◆ EXERCISE OBJECTIVE
Each line of the listing must be transcribed exactly, except for the images, which should be excluded.

◆ STORED DATA
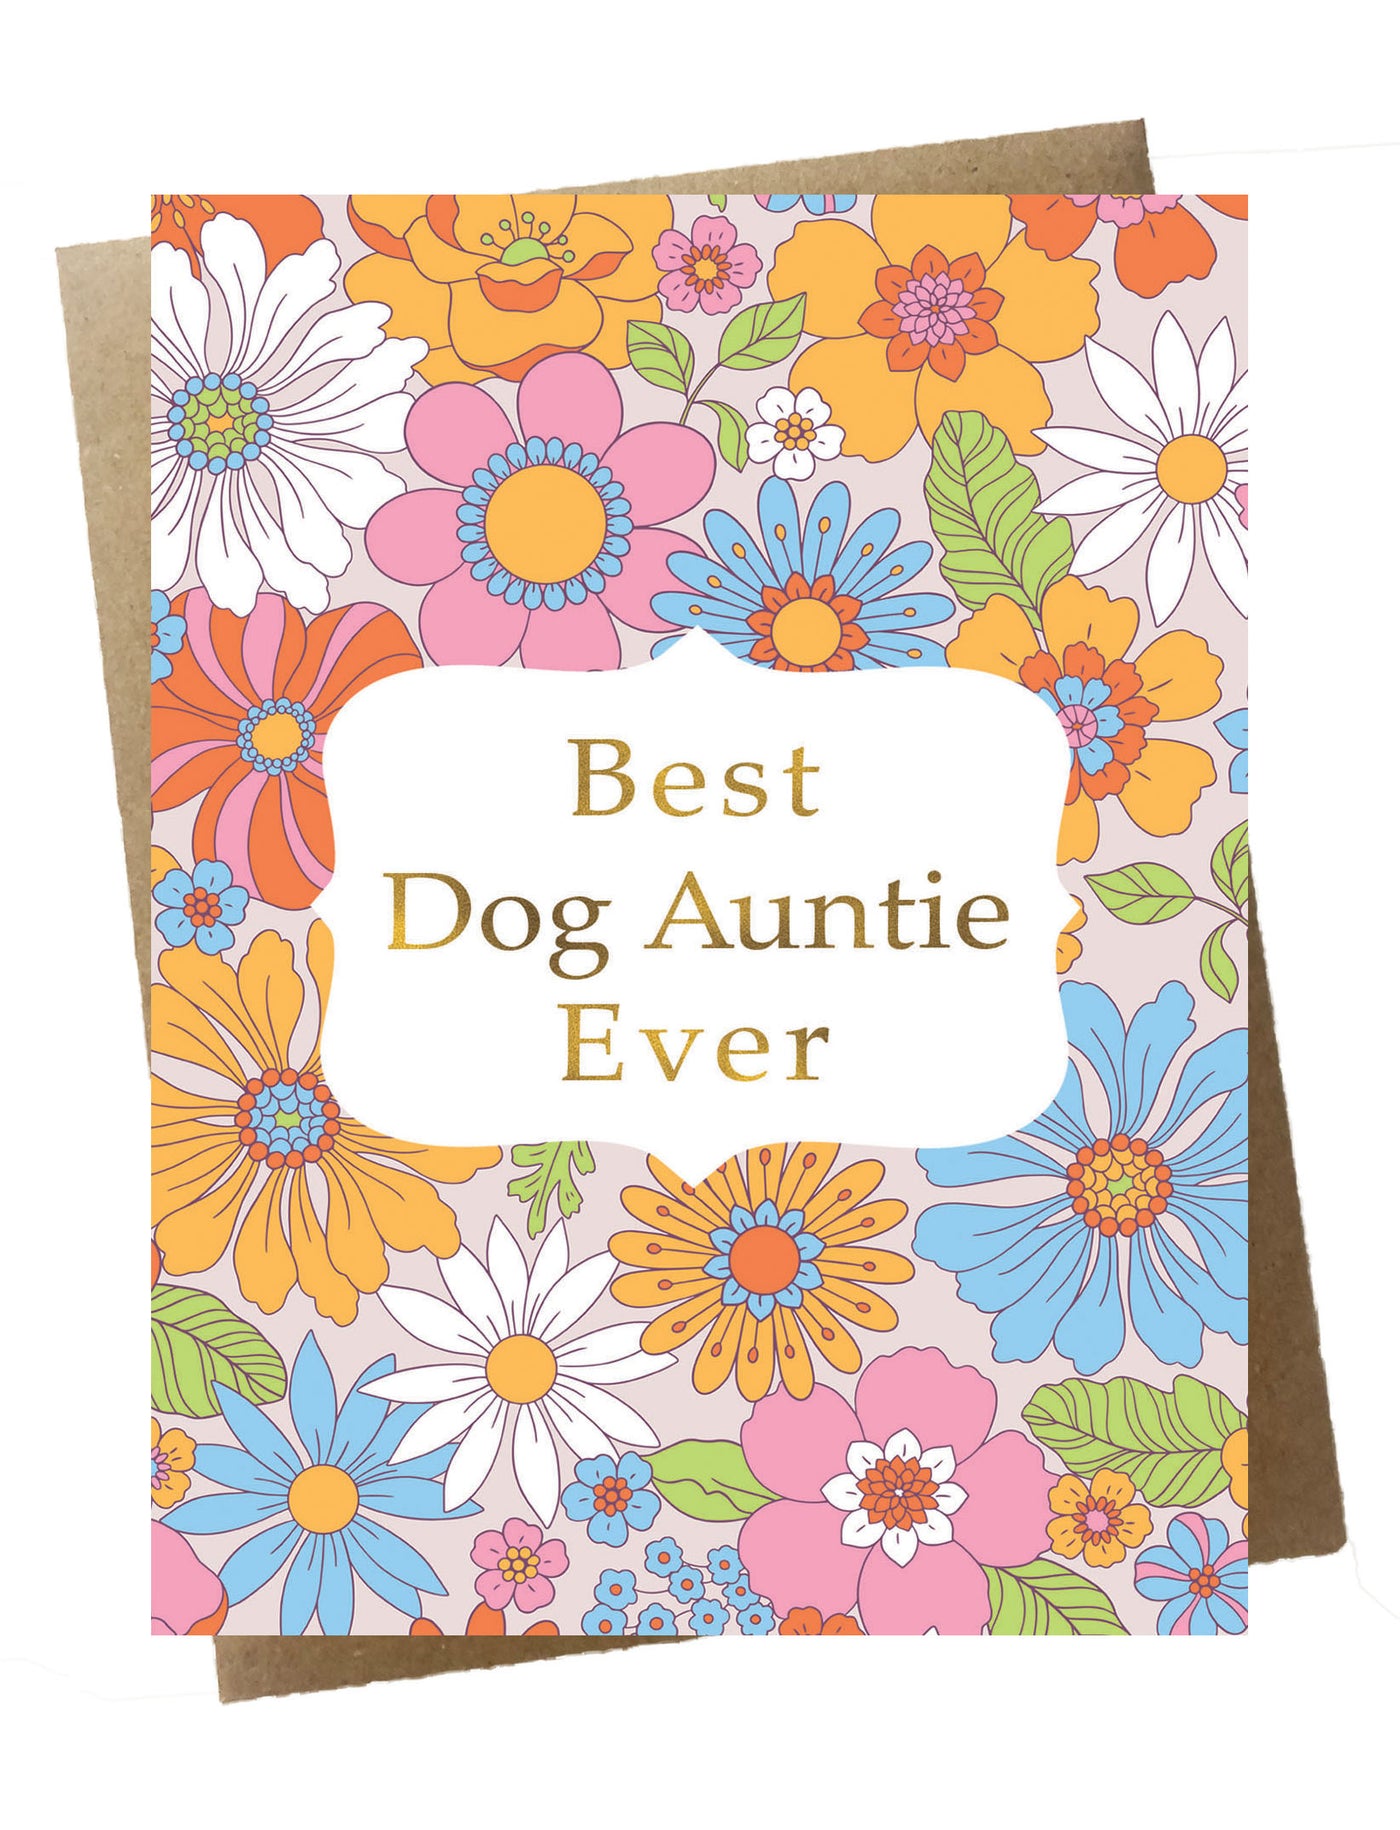 Best Dog Auntie Ever
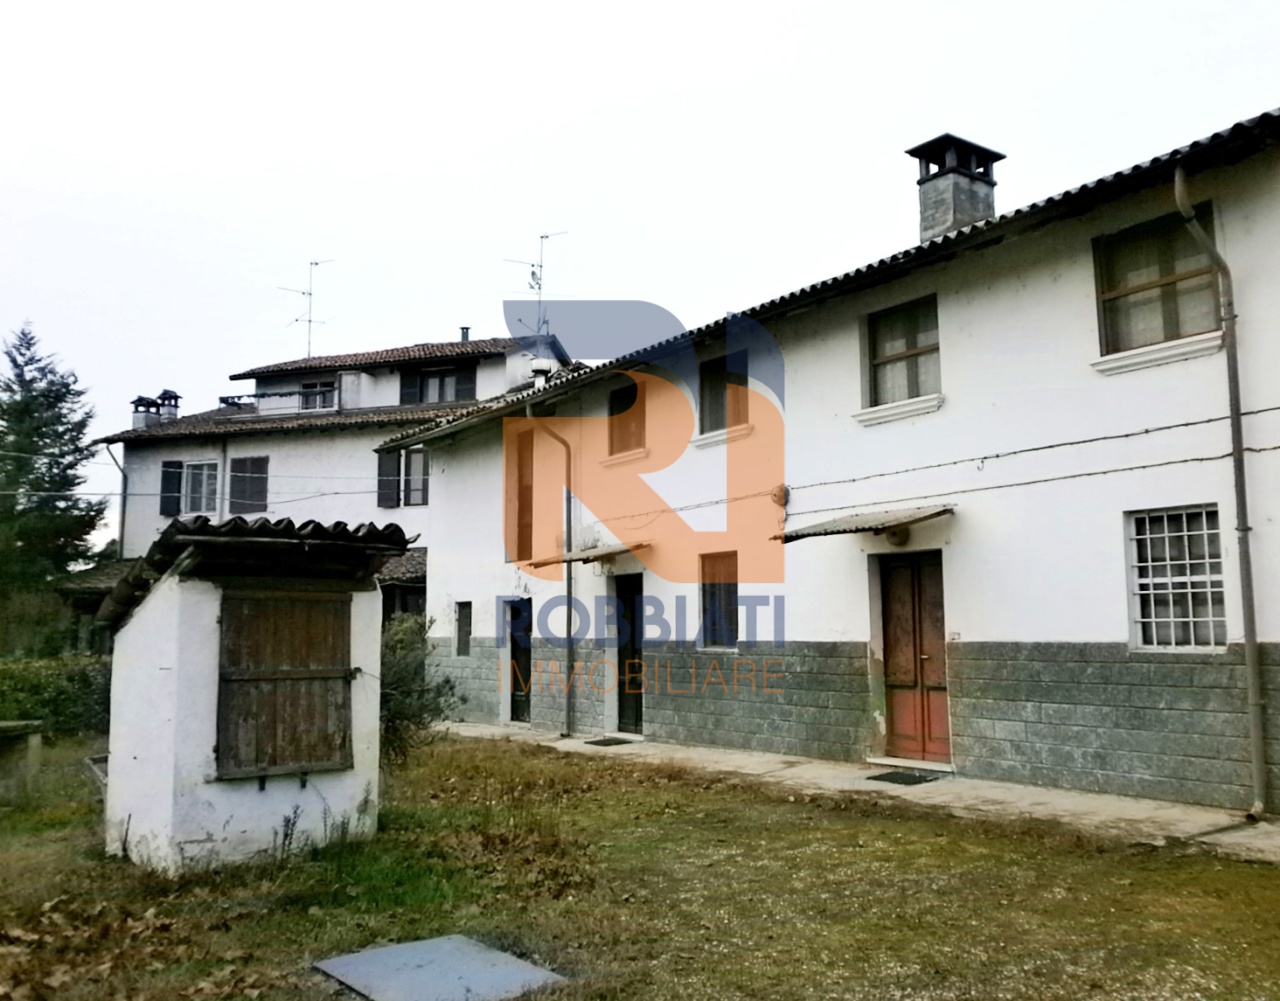 Villa a Schiera in vendita a Zinasco, 2 locali, prezzo € 25.000 | PortaleAgenzieImmobiliari.it
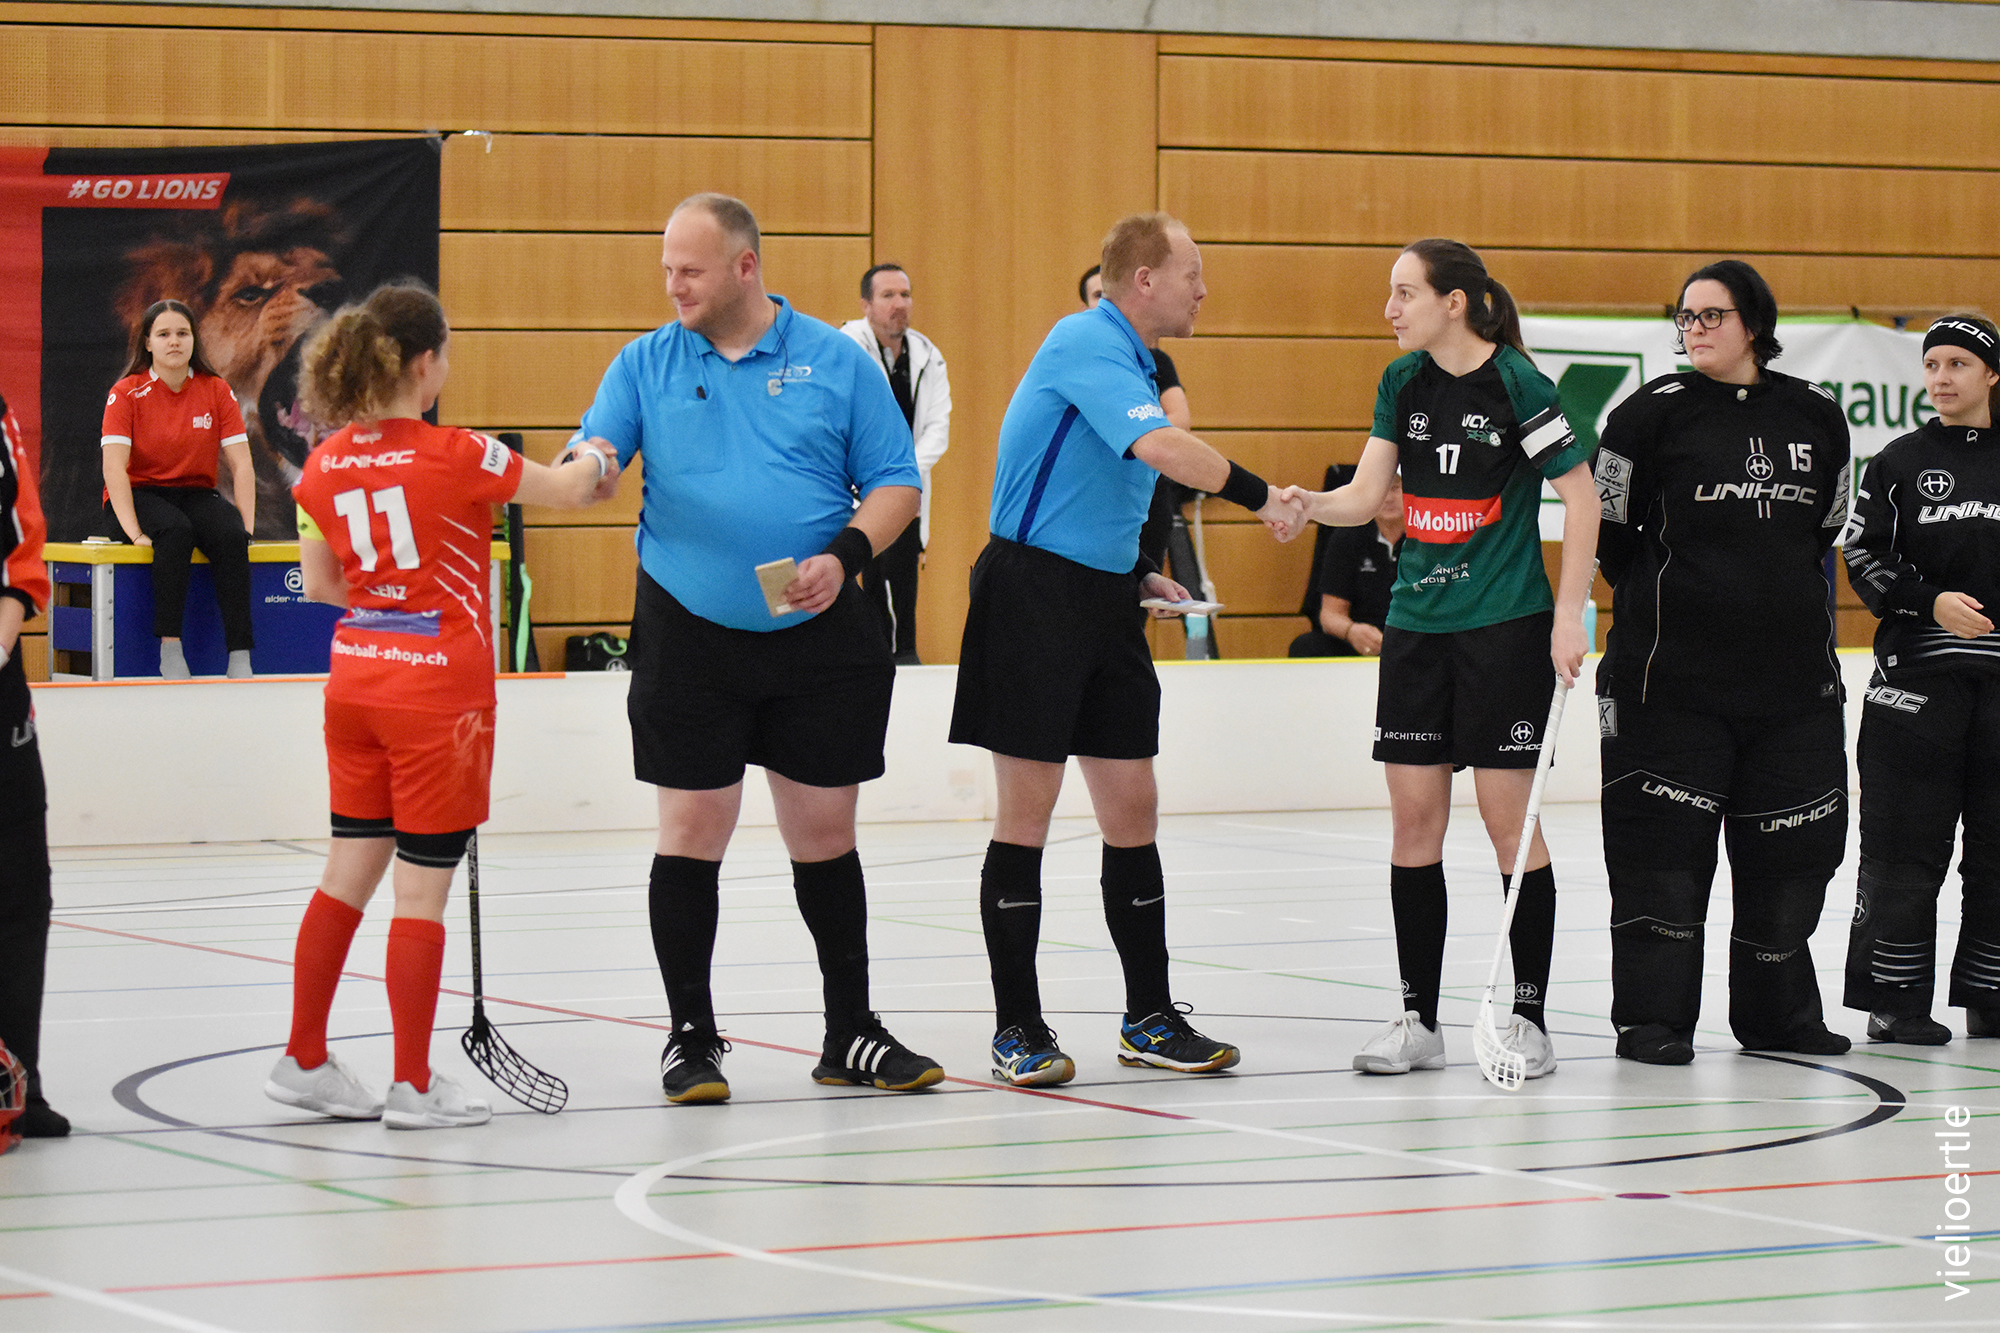 Week of the Referee: Die Spielerinnen bedanken sich bei den Schiedsrichtern für ihren Einsatz.

◆ SOLUTION TO THIS PROBLEM
 Best Dog Auntie Ever
 Villa a Schiera in vendita a Zinasco, 2 locali, prezzo € 25.000 | PortaleAgenzieImmobiliari.it
 Week of the Referee: Die Spielerinnen bedanken sich bei den Schiedsrichtern für ihren Einsatz.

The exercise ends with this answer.